**Dataset content:**
------

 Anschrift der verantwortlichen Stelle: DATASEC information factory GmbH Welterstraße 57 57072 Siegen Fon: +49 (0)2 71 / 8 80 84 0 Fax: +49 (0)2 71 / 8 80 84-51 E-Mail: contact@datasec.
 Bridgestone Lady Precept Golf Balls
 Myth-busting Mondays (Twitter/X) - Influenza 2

------

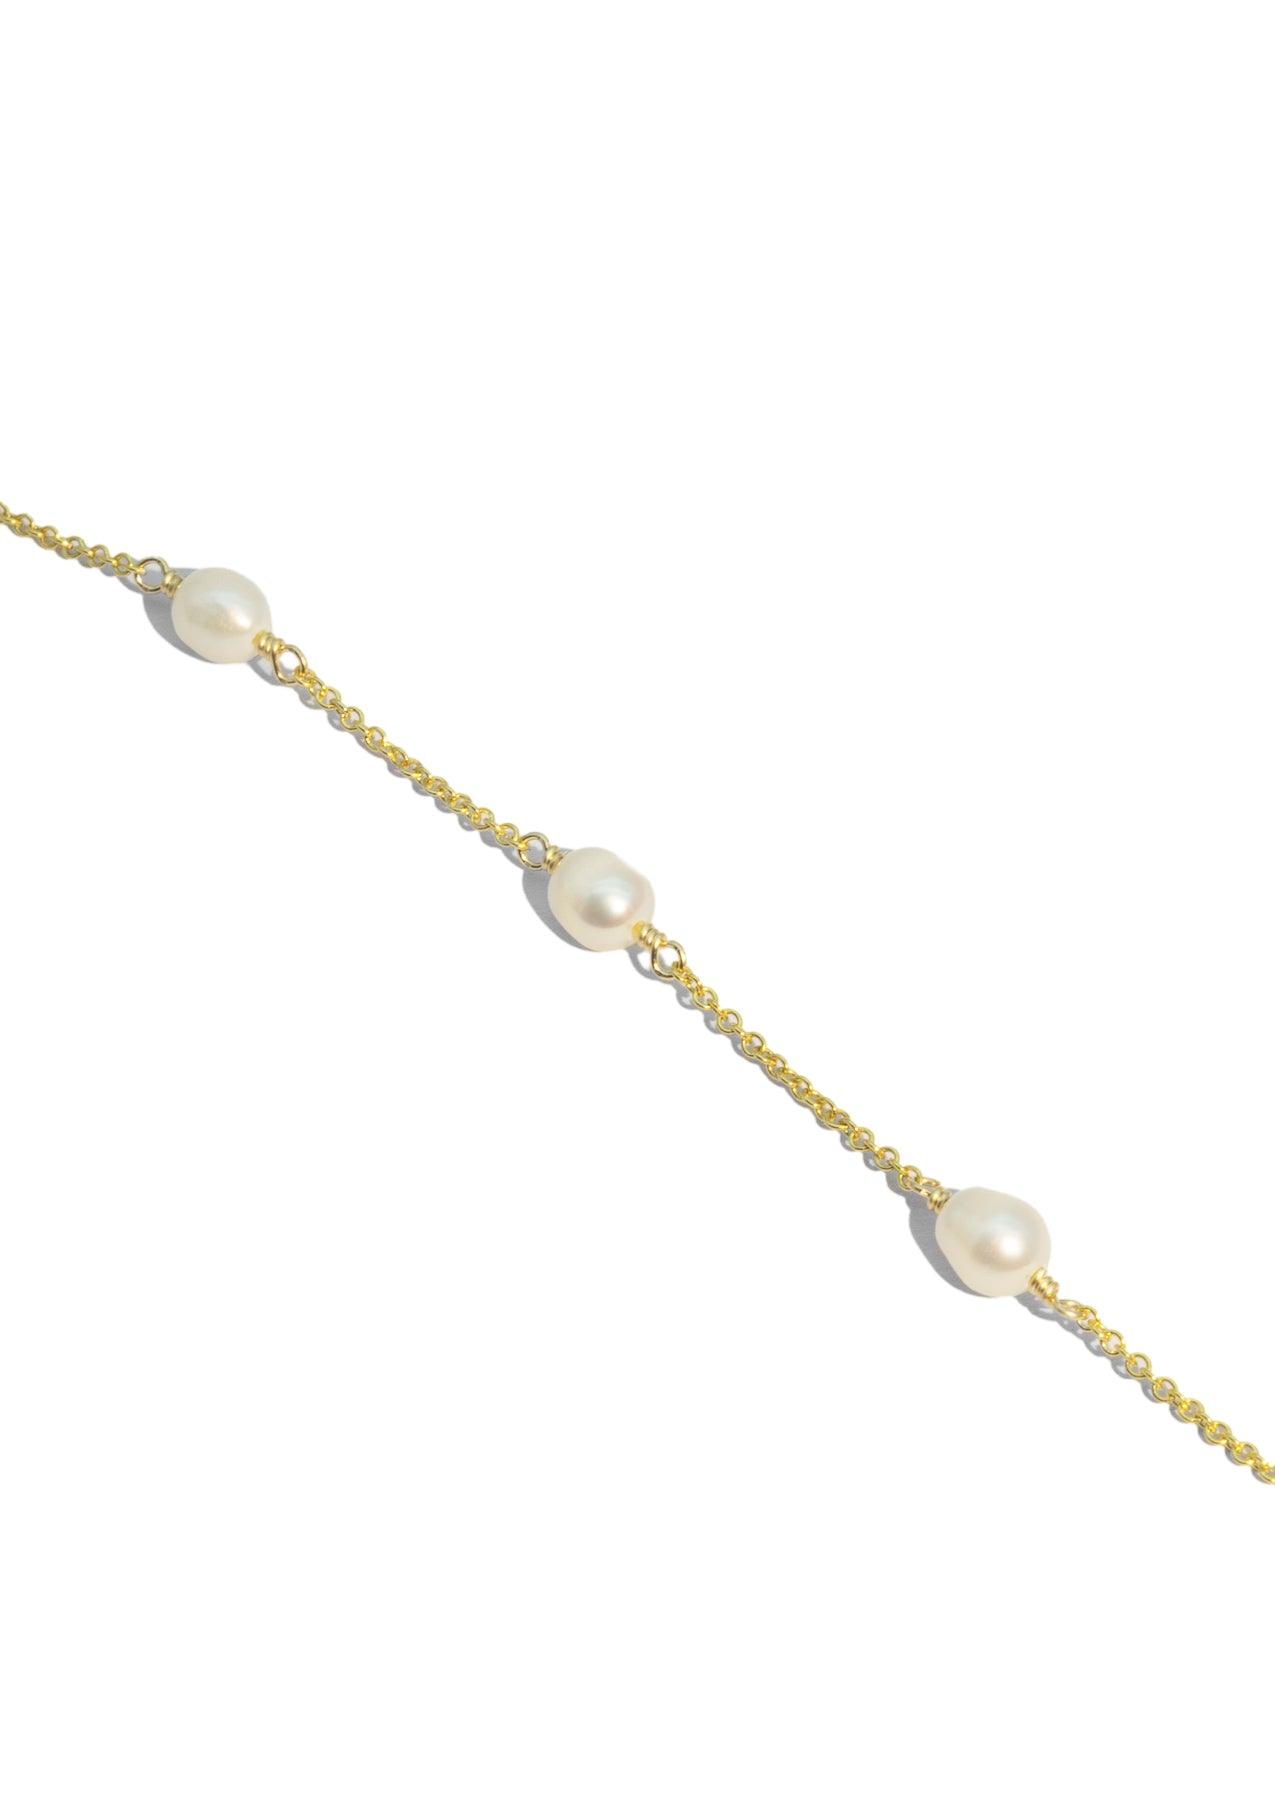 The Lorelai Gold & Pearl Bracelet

------

**Your assignment:** Where the listing above reaches the line that contains "Anschrift der verantwortlichen", start retyping, and finish with the line that contains "Myth-busting Mondays (Twitter/X)"; reproduce those lines exactly and no others.

**Written solution:**
 Anschrift der verantwortlichen Stelle: DATASEC information factory GmbH Welterstraße 57 57072 Siegen Fon: +49 (0)2 71 / 8 80 84 0 Fax: +49 (0)2 71 / 8 80 84-51 E-Mail: contact@datasec.
 Bridgestone Lady Precept Golf Balls
 Myth-busting Mondays (Twitter/X) - Influenza 2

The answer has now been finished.